The answer, of course, is both. All symbiotic partnerships are grounded in true collaboration. Relationships are like a dance, which requires a leader and a follower, give and take.
As the white majority in this country, we absolutely need to embrace both of these roles more fully. For far too long, people of color have been pelted by an onslaught of microaggressions and macro-oppressions, positioned on the margins, denied access to opportunities, and battle injustice with inadequate levels of support from whites.
Here’s how we can help chart a path forward to meet this seminal and potentially watershed moment and harness everyone’s capacity to catalyze genuine change.
1. Start with looking in the mirror. Embrace these words from the poet Rumi: “Yesterday I was clever, so I wanted to change the world. Today I am wise, so I am changing myself.”
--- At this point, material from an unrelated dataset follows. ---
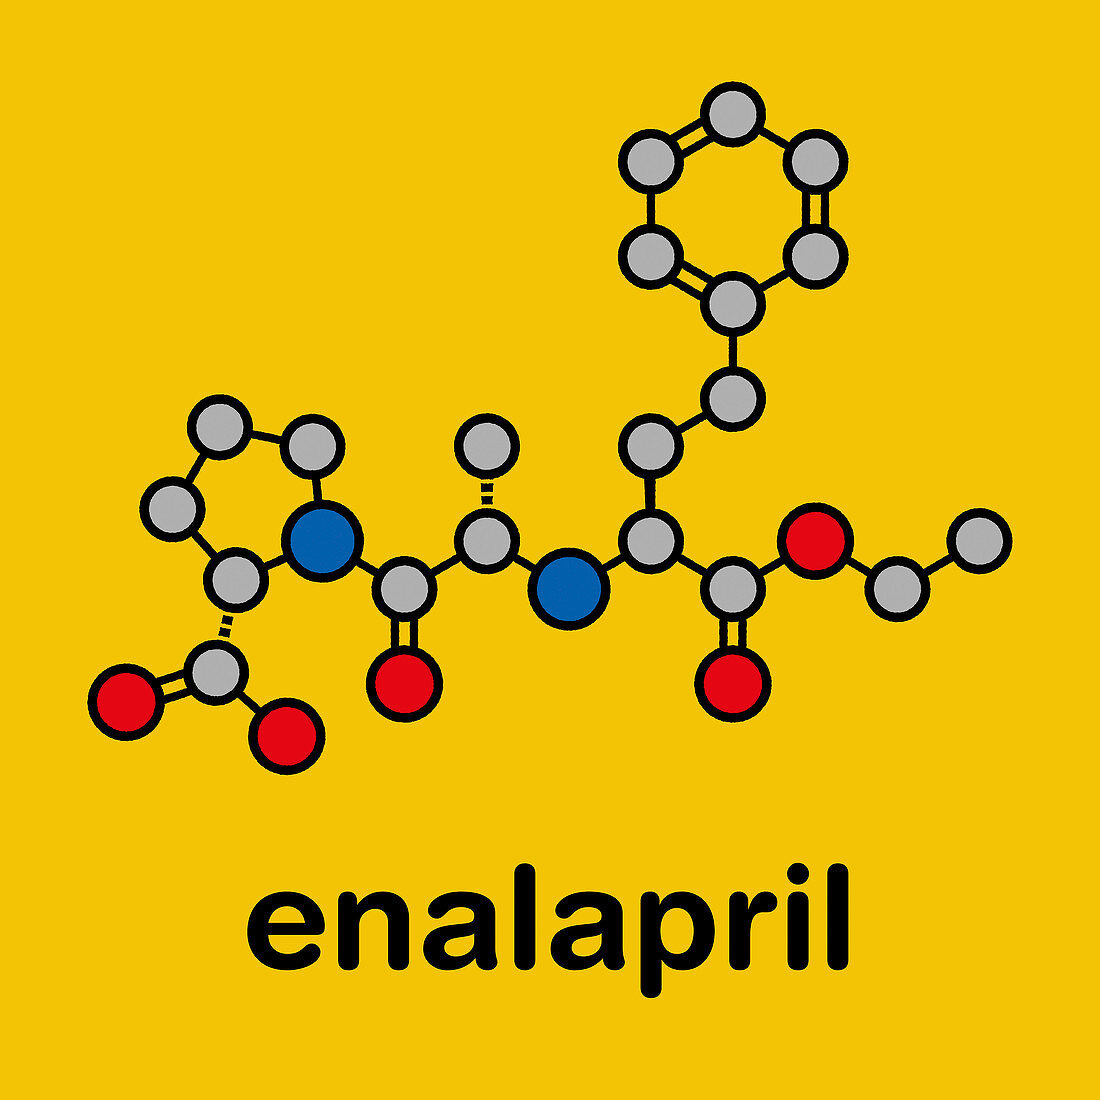 Enalapril high blood pressure drug molecule

2. Don’t just fight racism at special events. Make it an everyday effort to notice, unpack, confront, and disrupt it every day, everywhere. Speak up when you hear racist language, whether it is subtle or overt.
3. Become more aware of your own biases and how they shape your perceptions and interactions with others.
4. Take responsibility for your own learning. Don’t turn people of color into your unpaid tutors.
5. Listen to the marginalized. Hear what they are telling you. Respect their perspective even if you don’t yet understand them.
6. Show the courage to have difficult, uncomfortable, painful conversations.
7. Take risks as you speak your truths. Overcome your fear of making mistakes. Make them, apologize, learn—and then teach others.
8. Form diverse coalitions to dismantle unjust systems.
9. Elevate traditionally marginalized voices in decision-making within the organizations that you are a part of.
10. Provide financial support to organizations doing vital work to eliminate racial disparities.
11. Take stock of your own privileges. Notice any that disadvantage others, directly or indirectly. Ask yourself: Am I willing to give up any of my privileges to create a more just society?
12. Bottom line, get out of the comfort of your existing bubbles and open your heart to cultivating meaningful relationships across racial differences. As my favorite sign at the recent march put it, “Love black people as much as you love black culture.”
When I was a toddler, some of the first words I learned to read were those affixed to a red stool I used to reach the sink. The message contained 10 simple words: “Sit down to be small; stand up to be tall.”
As white people, we have been sedentary for too long. We’ve been small. If we truly want a more just, inclusive, equitable, and safe world, it is time to shoulder our responsibility in this fight against systemic inequities.
It is time that we step up, and stand up, to meet the magnitude of this challenge.